• DATA PROVIDED:
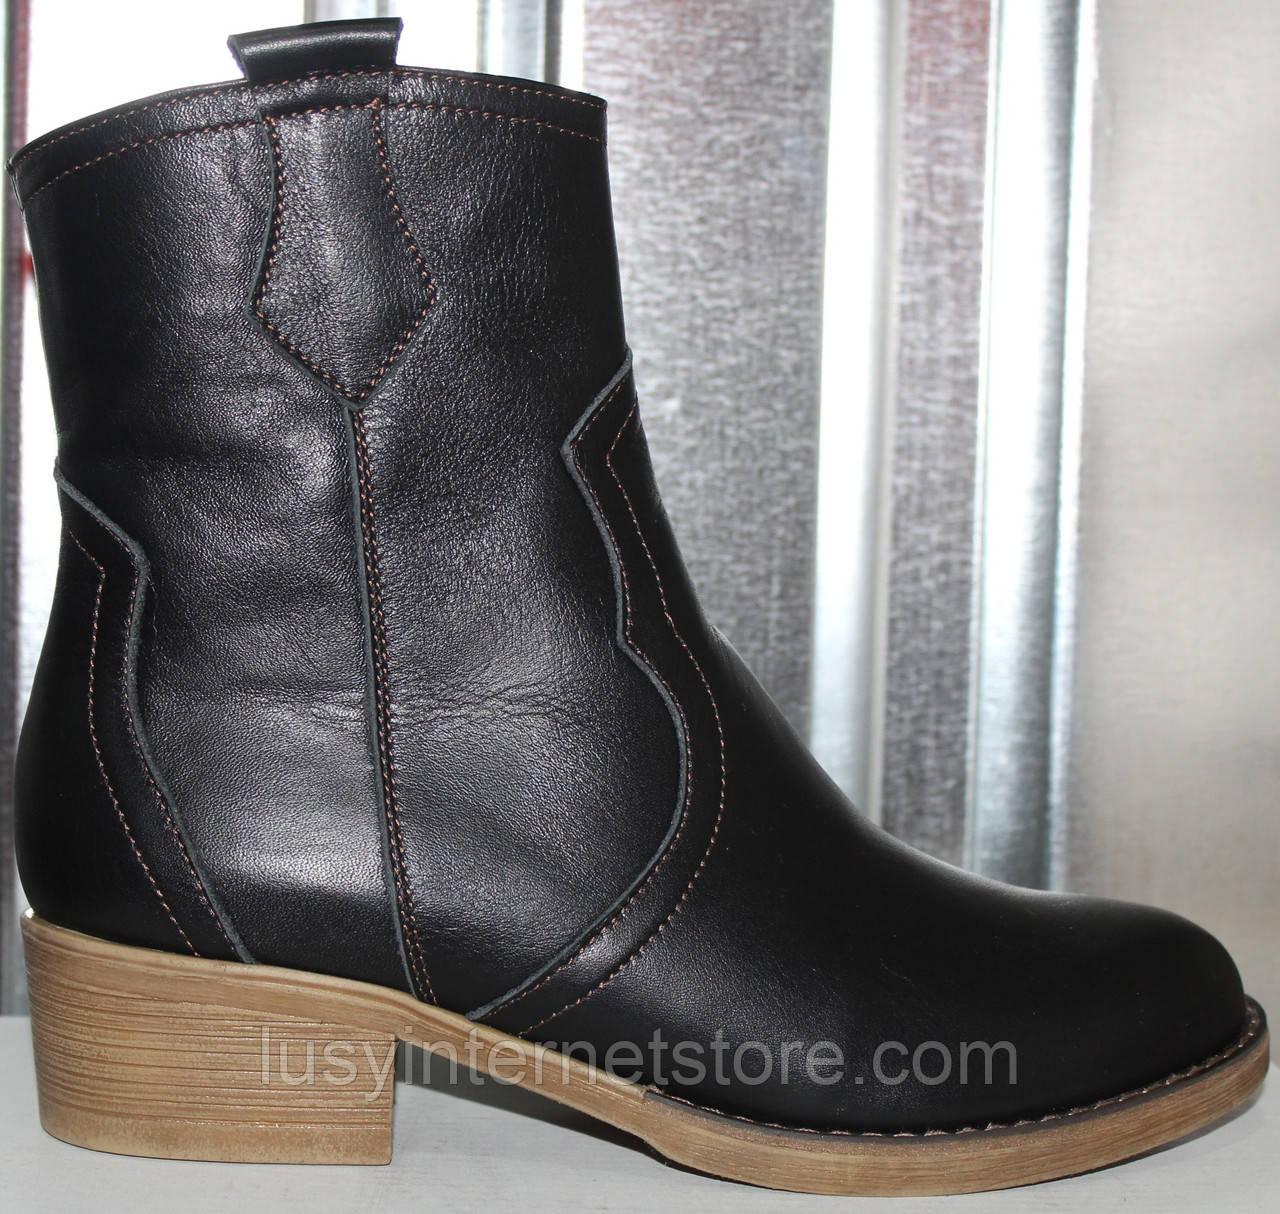 Ботинки женские зимние кожаные от производителя модель РИ304-3
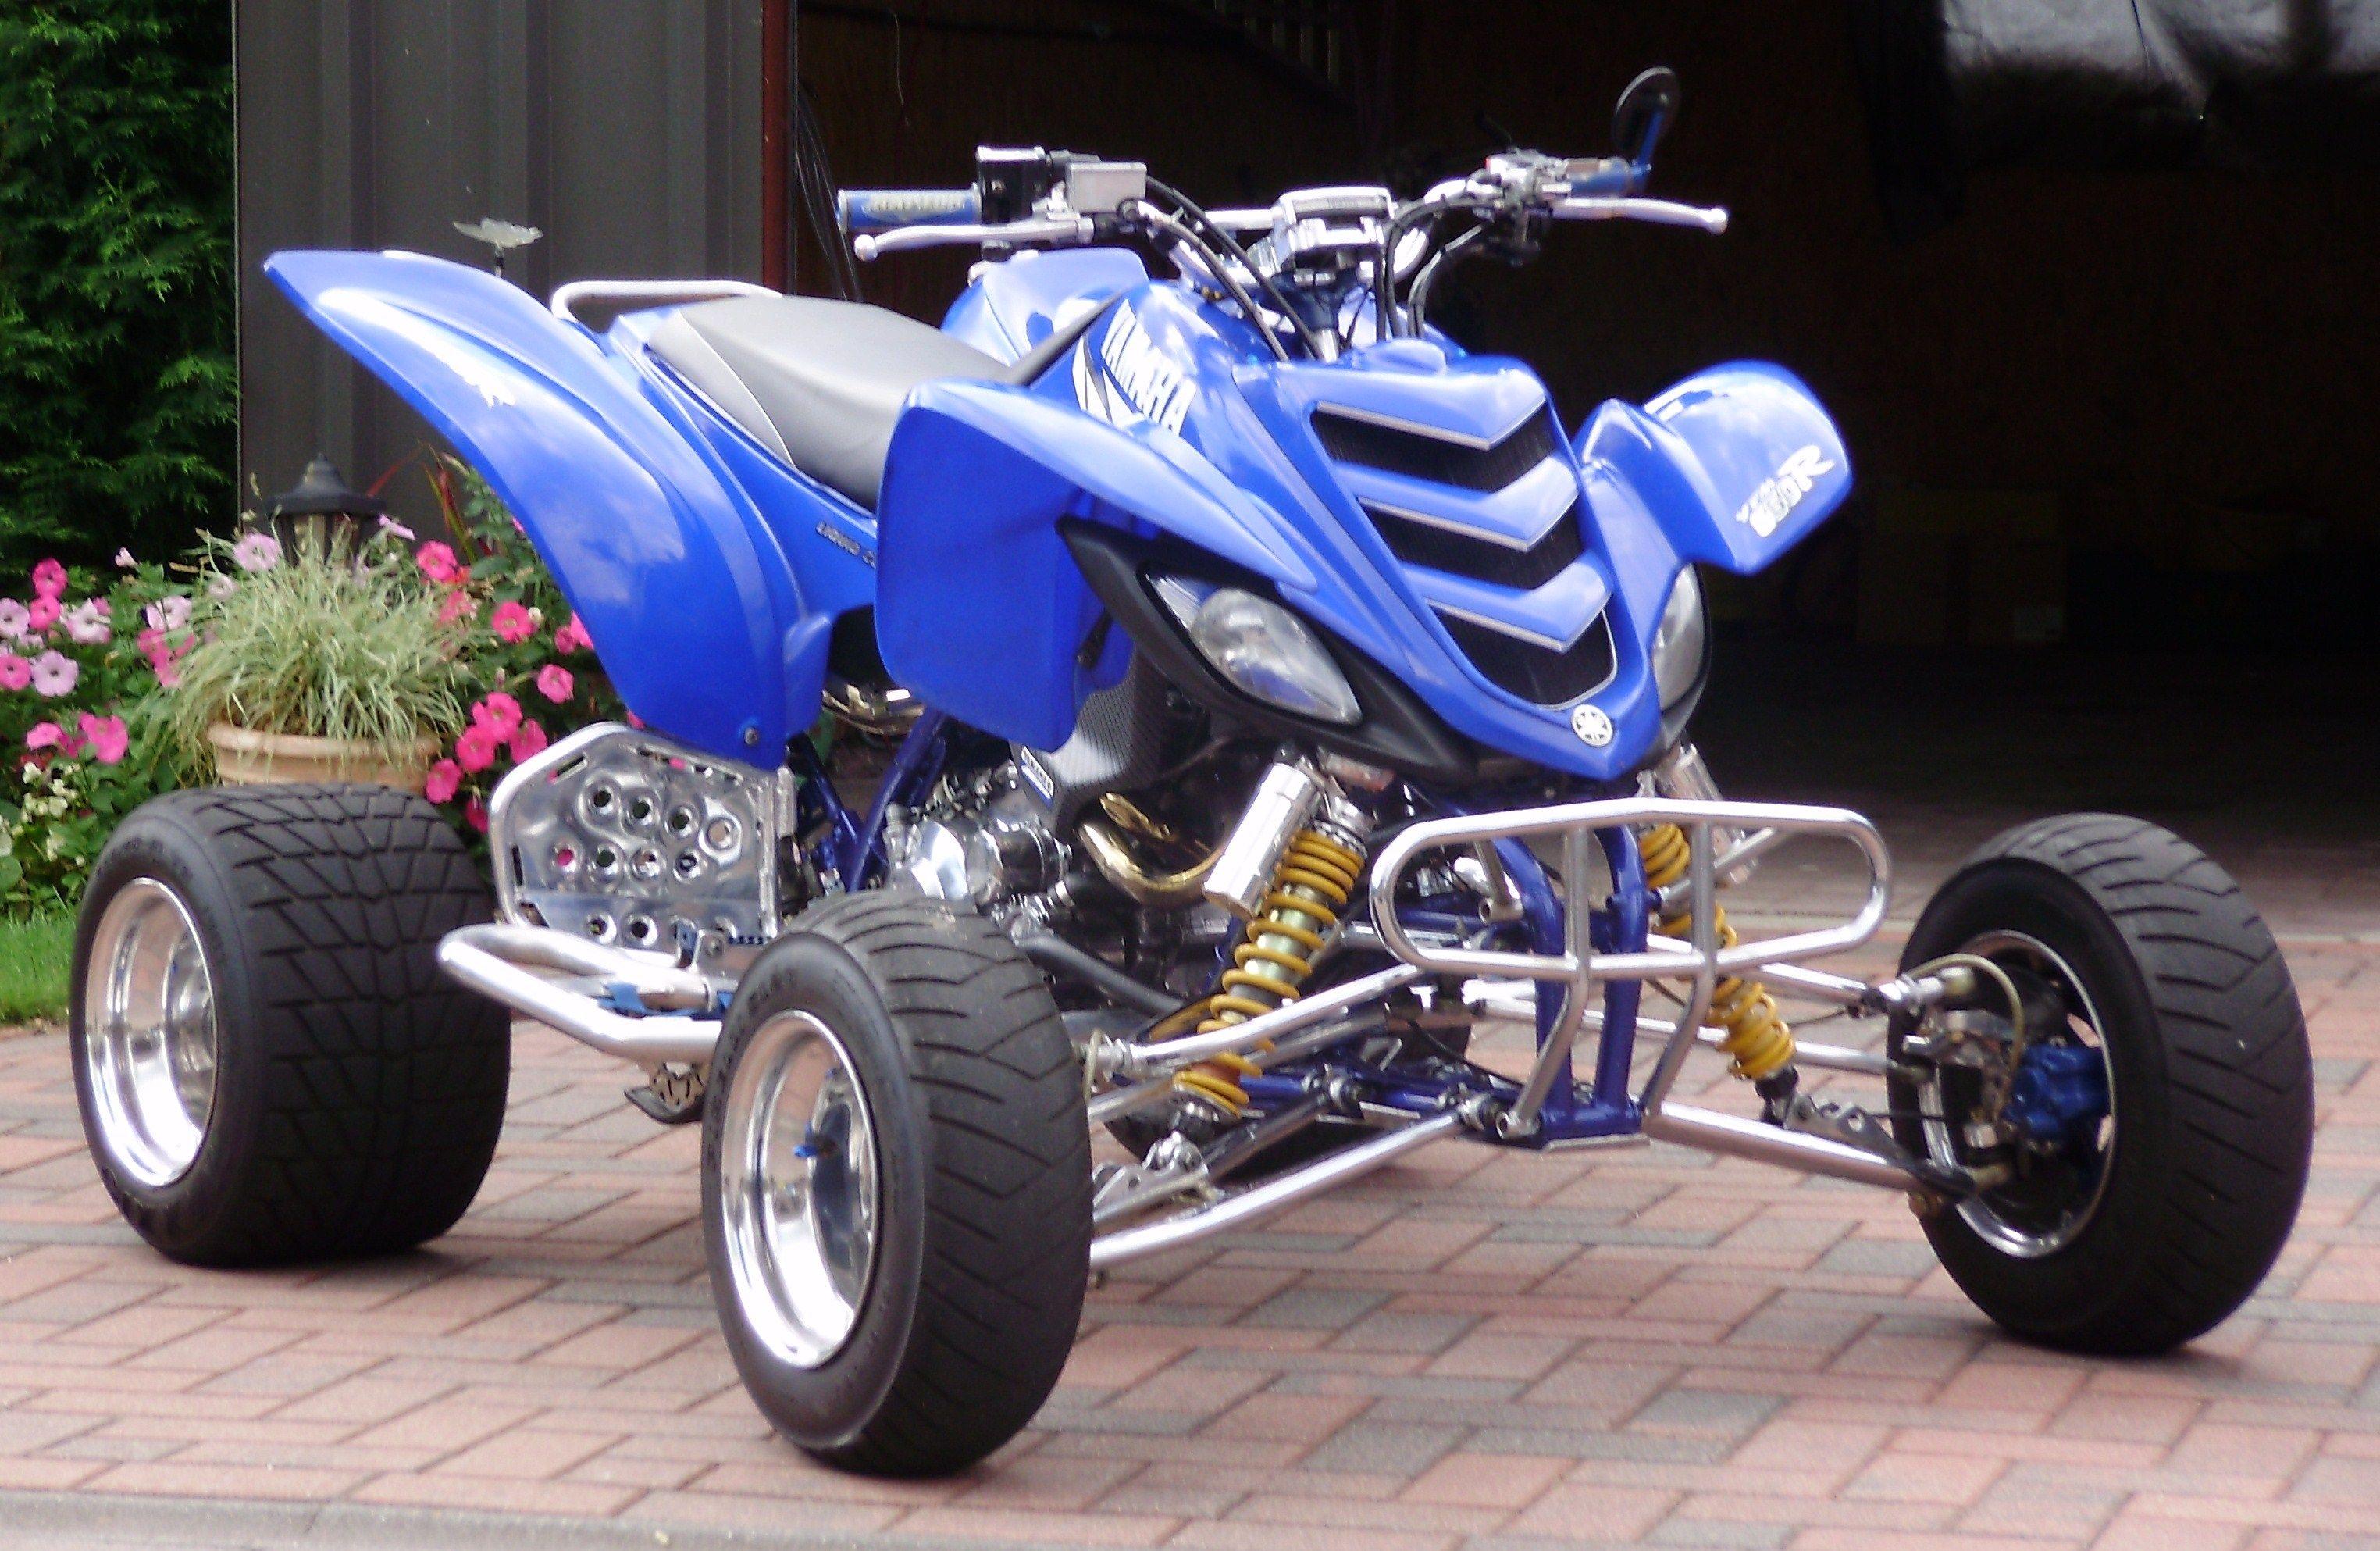 yamaha raptor 660 yamaha raptor 660 yamaha motorcycle. Black Bedroom Furniture Sets. Home Design Ideas
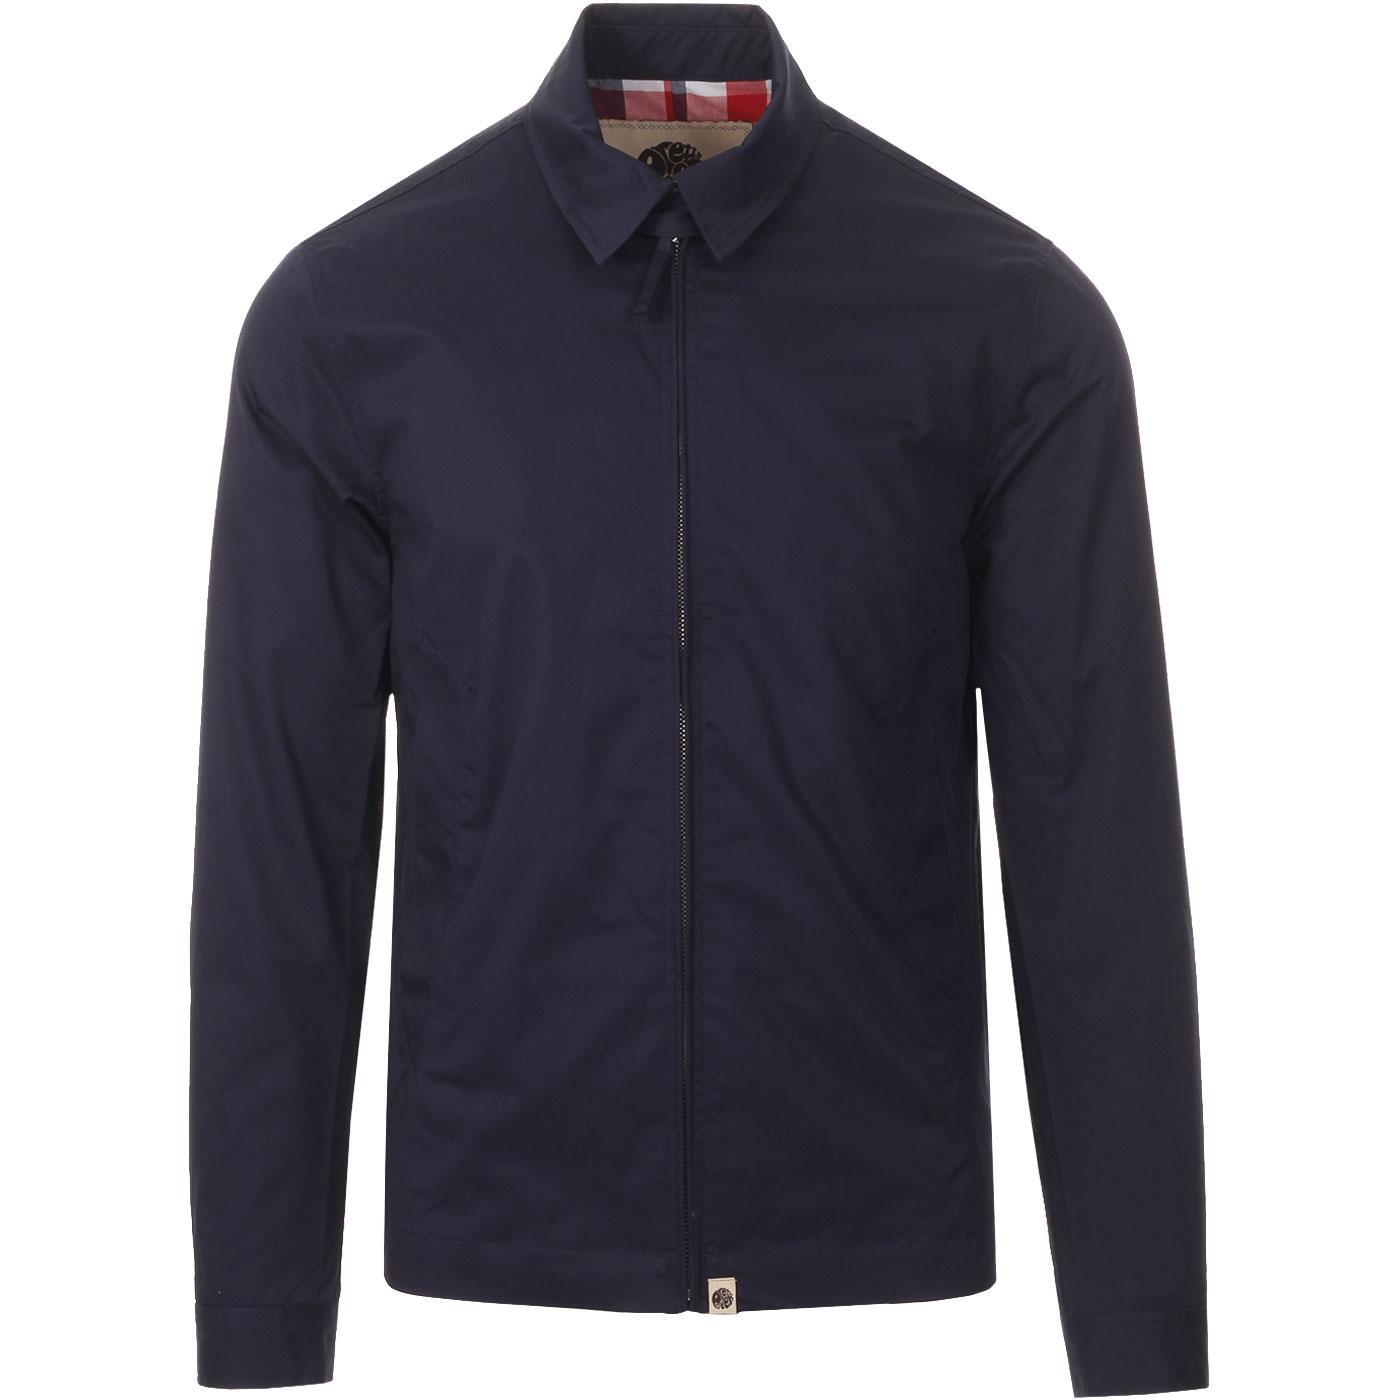 PRETTY GREEN Mens Retro Zip Up Harrington Jacket

• HOW TO COMPLETE THIS TASK: What's needed is every line above, retyped exactly and free of pictures.

• TASK OUTPUT:
 Ботинки женские зимние кожаные от производителя модель РИ304-3
 yamaha raptor 660 yamaha raptor 660 yamaha motorcycle. Black Bedroom Furniture Sets. Home Design Ideas
 PRETTY GREEN Mens Retro Zip Up Harrington Jacket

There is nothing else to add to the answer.